Earlier this year, we looked at ‘target cost’ contracts (TCCs) and considered whether they offer advantages over lump-sum or cost-plus pricing models. A recent dispute relating to rail works has now highlighted some interesting potential complications with the TCC model.
To recap, parties might choose a TCC in order to promote collaborative working, through the sharing of cost overrun or cost savings. In this model, the parties first agree a target cost for completion of the works. Throughout the build, the contractor’s interim payments are based on the actual cost to the contractor plus a margin for overhead and profit, in the same way as in the cost-plus model. The difference comes only at the end when the final outturn cost is compared to the target cost. If the outturn cost is higher than the target cost, the contractor will receive only part of that difference. If the outturn cost is lower, then the contractor receives part of that difference effectively as a bonus on top of the cost-plus receipts.
This painshare/gainshare can be very simple (for instance, a 50 per cent share either way) or (more usually) it can have different share rates in bands around the target cost, and/or it can operate within a hard cap either side, or one side, of the target cost.
The more complicated part is in dealing with intervening events which affect the outturn cost of the works – and this area might also bring to the surface a difference of opinion about the philosophy behind a TCC; specifically, how much risk should be shared? Including:
• Should the additional cost of owner breach or change orders instructed by the owner be wholly at the owner’s cost, and not be taken into the sharing mechanism?
• Should the contractor be entitled only to the ‘allowable cost’ of carrying out the works, therefore excluding any cost incurred through the contractor’s inefficient working, as in the cost-plus model?
This second question was tested in a dispute between a railway operator and a contractor arising from upgrade works which were completed late and substantially over budget. Their TCC provided that the contractor should be paid the ‘total cost’ for the works, subject to the target cost adjustment. ‘Disallowed cost’ (to be excluded from ‘total cost’) included “any cost due to the negligence or default on the part of the Contractor...”. The contractor, nevertheless, asserted that some £13 million ($16.68 million) of additional cost, incurred due to their breach, should remain part of ‘total cost’.
The dispute (Network Rail Infrastructure Ltd versus ABC Electrification Ltd) came to the English High Court. ABC did not deny their responsibility for the additional cost but argued that it should be treated as ‘disallowed cost’ only if it were incurred due to wilful and deliberate breach – which they had not committed. The contractor’s interpretation was partly based on considering context and the ‘overall purpose’ of the provision on ‘disallowed cost’ within a TCC.

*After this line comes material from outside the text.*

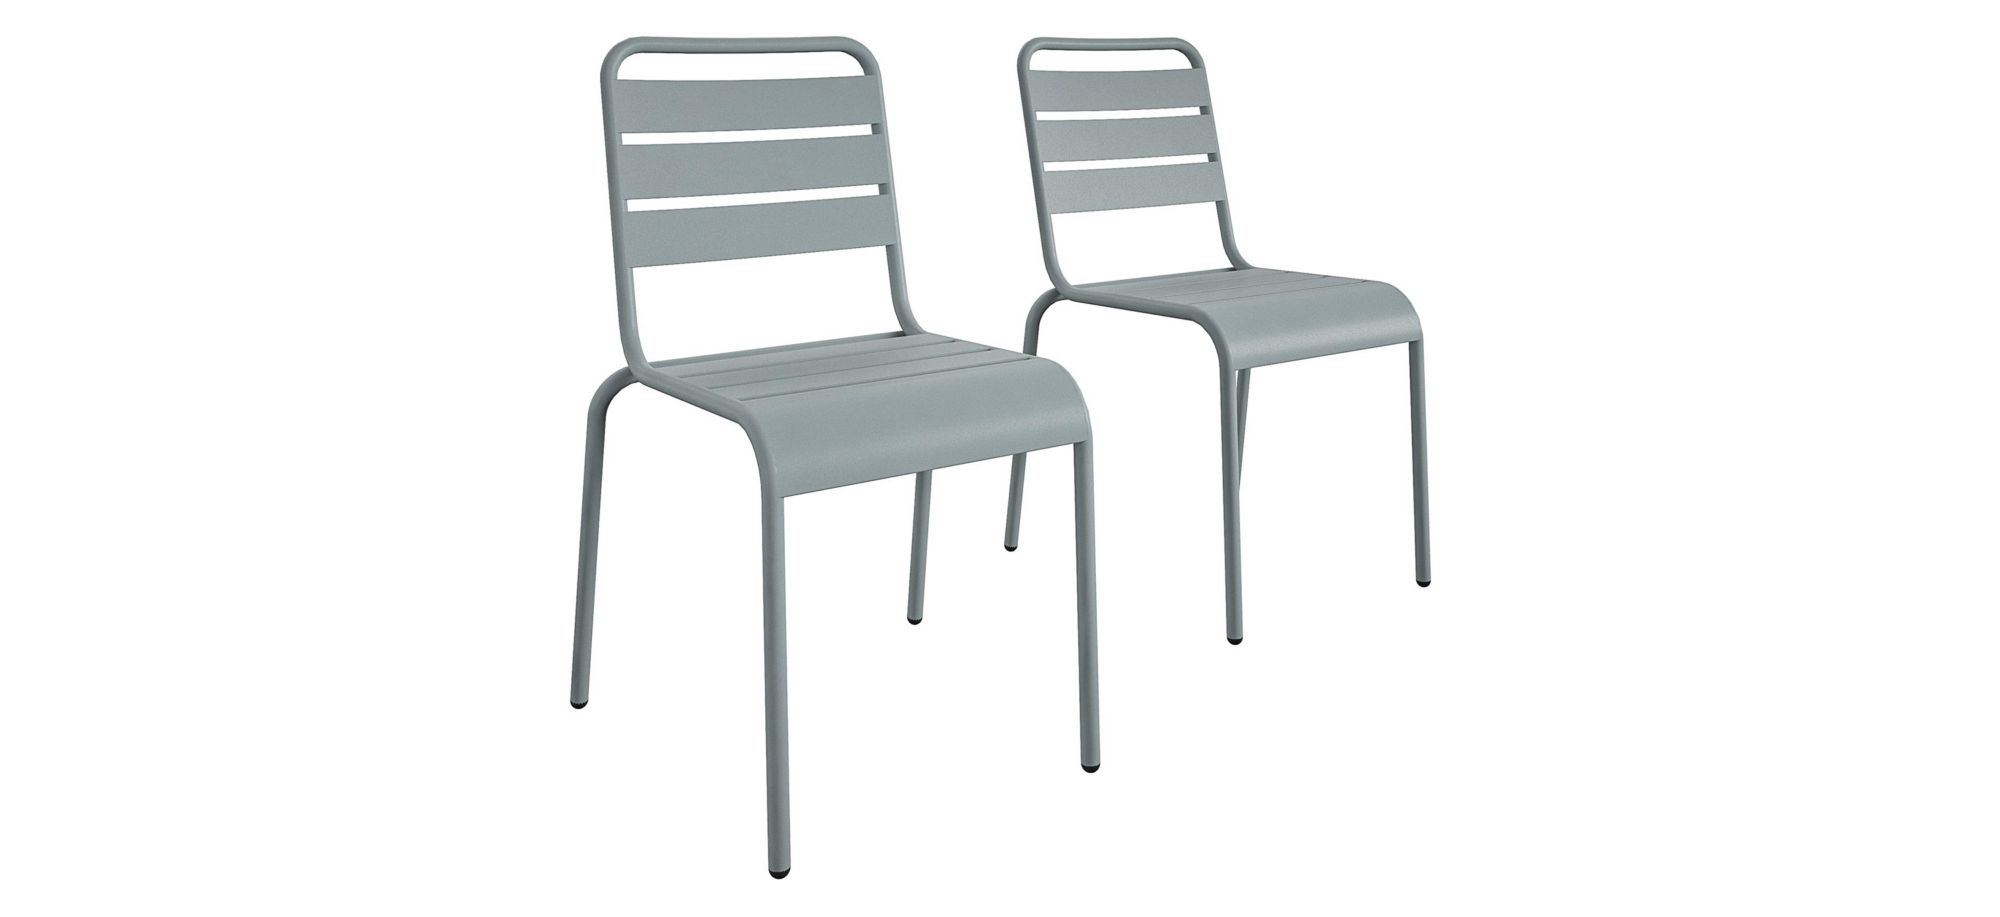 Novogratz Poolside Gossip Outdoor June Stacking Dining Chairs - Set of 2 in Light Gray by DOREL HOME FURNISHINGS
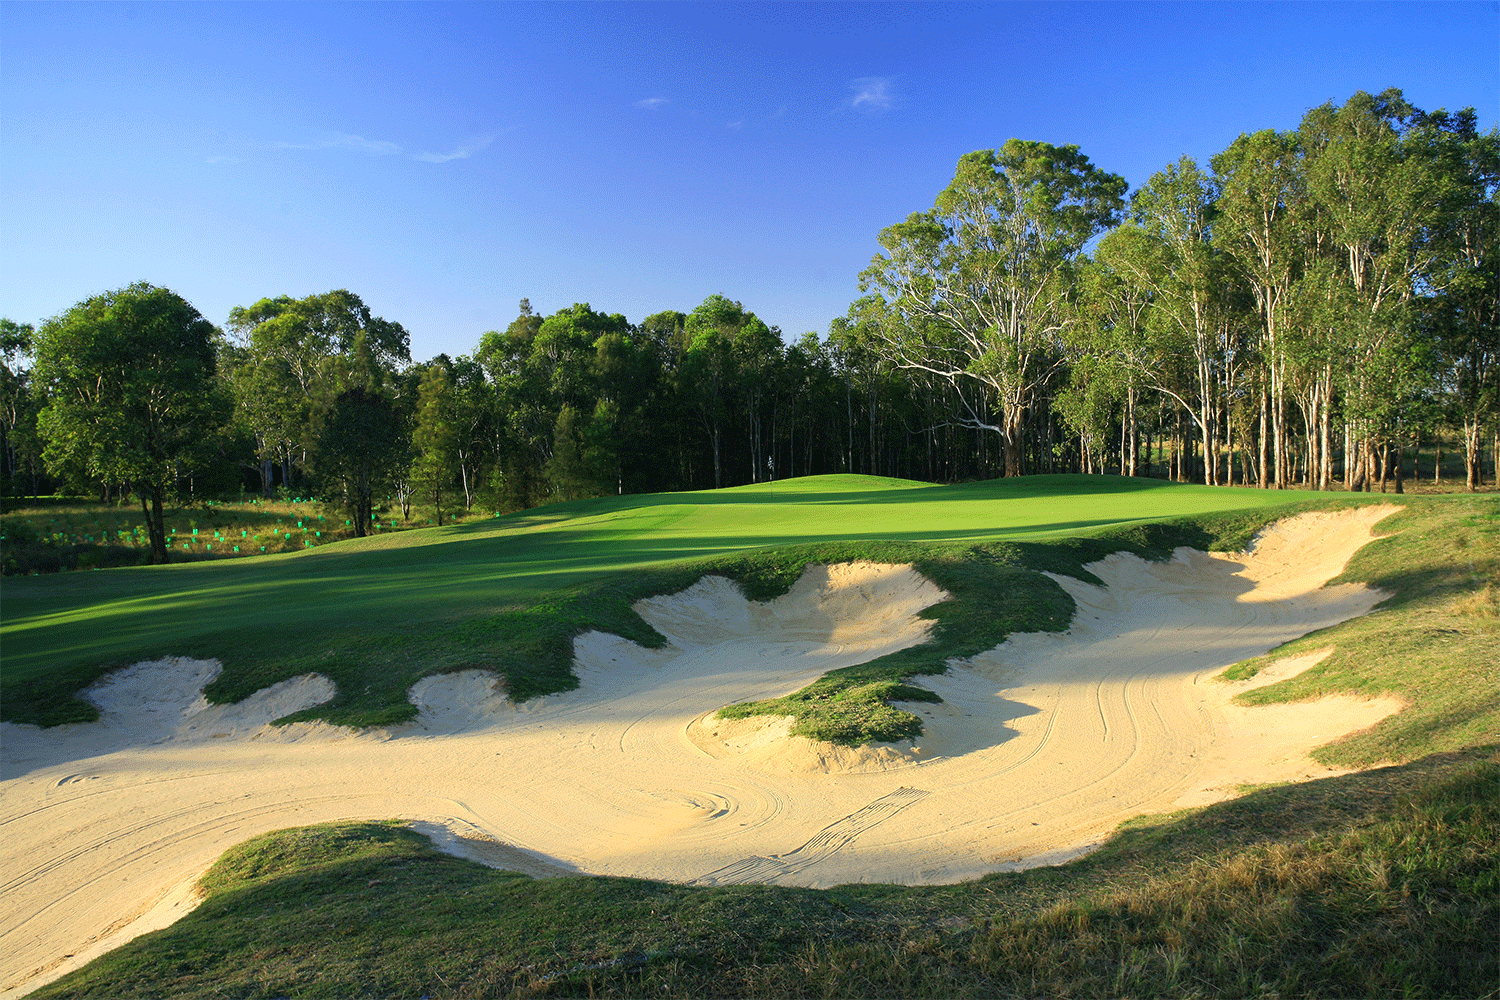 The fourth is one of the stronger par 4s.

The court disagreed, holding that the definition of ‘disallowed cost’ was clear and unambiguous: in the absence of the contractor showing any reason to decide otherwise, ‘default’ in the above clause should have its ordinary and natural meaning. The additional cost was due to breach by the contractor; and the contractor should have no entitlement to it.
This judgement was predictable, in my view, and therefore maybe not worth discussion – except that the dispute does flag up two interesting points on TCCs:
First is the contractor’s argument that choosing a TCC was a material part of the context for interpreting the relevant clause. The contractor appears to have been suggesting that agreement to a TCC implies an intention to pool the risk of cost overrun due to simple default by one party. This argument, of course, did not sway the court, but it shows that some parts of our industry might consider a TCC to be a form of partnering contract.
Second, the TCC used here was the ICE Conditions of Contract: Target Cost Version. The inclusion of ‘default’ in the definition of ‘disallowed costs’ was through a bespoke amendment. Without that amendment, “disallowed cost” would have covered only cost arising from ‘negligence’ of the contractor. It is difficult to say what kind of actions or failures that is intended to cover (in the context of contractual performance) but, putting aside any lack of clarity, this standard form contract might also intend some sort of sharing of the consequences of contractor breach.
Whatever your view of the ‘true nature’ of a TCC, we can’t rely on the label. The contract needs to be clear on the contractor’s entitlement (or non-entitlement) to cost when there has been simple default, willful default or no default at all.
* Stuart Jordan is a partner in the Global Projects group of Baker Botts, a leading international law firm. Jordan’s practice focuses on the oil, gas, power, transport, petrochemical, nuclear and construction industries. He has extensive experience in the Middle East, Russia and the UK.